Bringin' it All Back Home

The U.S. Supreme Court weighed in on a copyright case early in the year, with its decision in Golan v. Holder . That case, originally filed in 2001, challenged the constitutionality of a law that sought to equalize copyright protection on an international basis. In the United States, the law, which enacted a treaty called the Uruguay Round Agreements Act, restored copyright status to foreign works previously in the public domain. The 1994 law affected possibly millions of works published overseas mainly between 1923 and 1989 that had earlier not been eligible for copyright protection under American law. These included films by Alfred Hitchcock, books by C.S. Lewis and Virginia Woolf, symphonies by Prokofiev and Stravinsky, and paintings by Picasso.

The plaintiffs, who included teachers, orchestra conductors, and film archivists, said they relied on the free availability of these foreign works and argued that the law violated the copyright clause of the Constitution and their First Amendment rights.

But in a 6-to-2 decision (Justice Kagan did not participate in the case), the court rejected arguments based on the First Amendment and the Constitution's copyright clause. This means works that were once in the public domain are now protected by copyright, requiring someone wishing to use them to seek permission from the copyright holder.

Seeing Red

On the trademark front, no one ended up seeing red when the U.S. Court of Appeals for the Second Circuit issued its decision in Christian Louboutin SA v. Yves Saint Laurent America Inc. Both parties walked away claiming a win.

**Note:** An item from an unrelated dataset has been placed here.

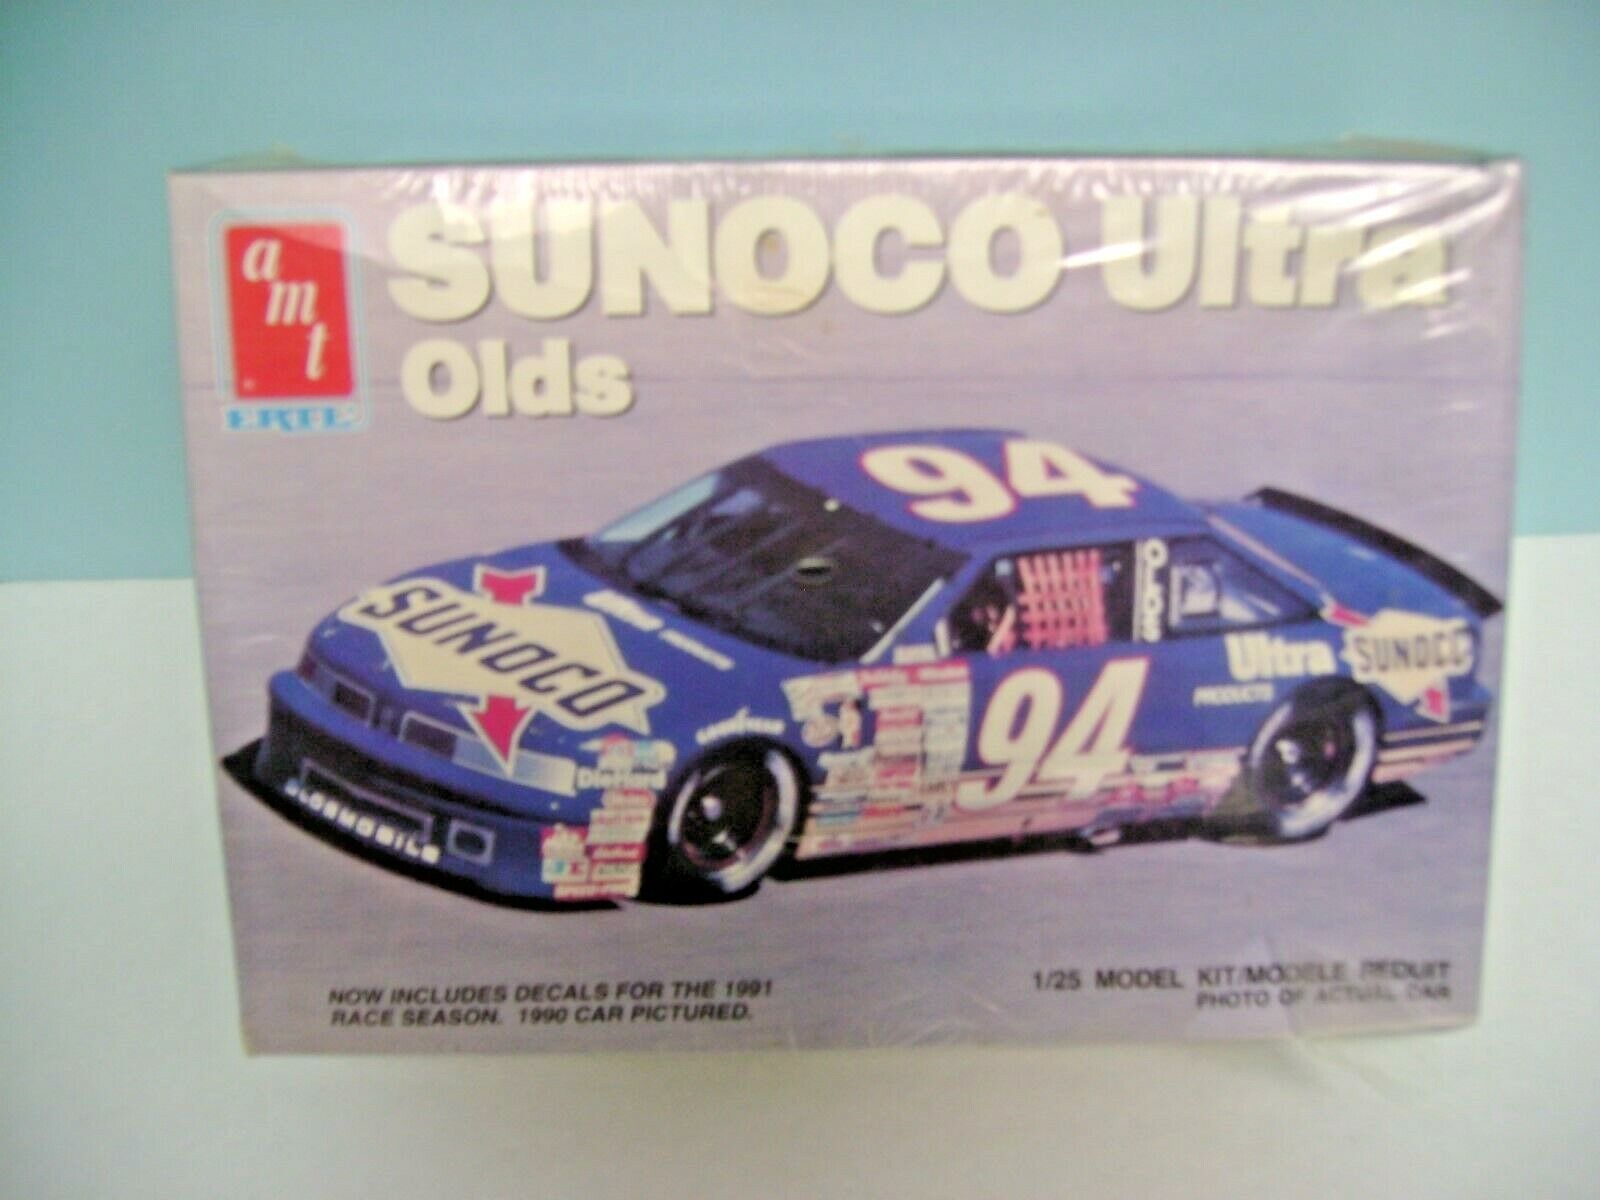 Vintage AMT ERTL Sunoco Ultra Olds 1990 Car 1991 Season Stickers 1//25 Model Kit for sale online

The court held that Christian Louboutin, maker of the famous high heels with the Chinese Red soles, had a valid and enforceable trademark for the use of those red outsoles. But the trademark protection would only hold when the rest of the shoe was a contrasting color, because this look is what gave the brand its "distinctiveness," the court said.

The ruling stemmed from a decision in which a federal district court judge in Manhattan refused to grant a preliminary injunction against Yves Saint Laurent for selling red high-heeled shoes that Louboutin claimed infringed its trademarked design. The YSL shoes at issue were entirely red, from the insole to the outsole, to the heel and the "upper" part of the shoe. U.S. District Judge Victor Marrero acknowledged the popularity of the Louboutin shoe but said under the law, a single color can never serve as a trademark in the fashion industry.

Not so, the appeals court said. It found that the district court judge misinterpreted the "doctrine of aesthetic functionality" and ruled that the Louboutin brand could trademark its red sole. It also ruled, however, that Yves Saint Laurent would not be infringing if it sold its monochrome red shoes, which allowed both sides to walk away kicking up their red high heels.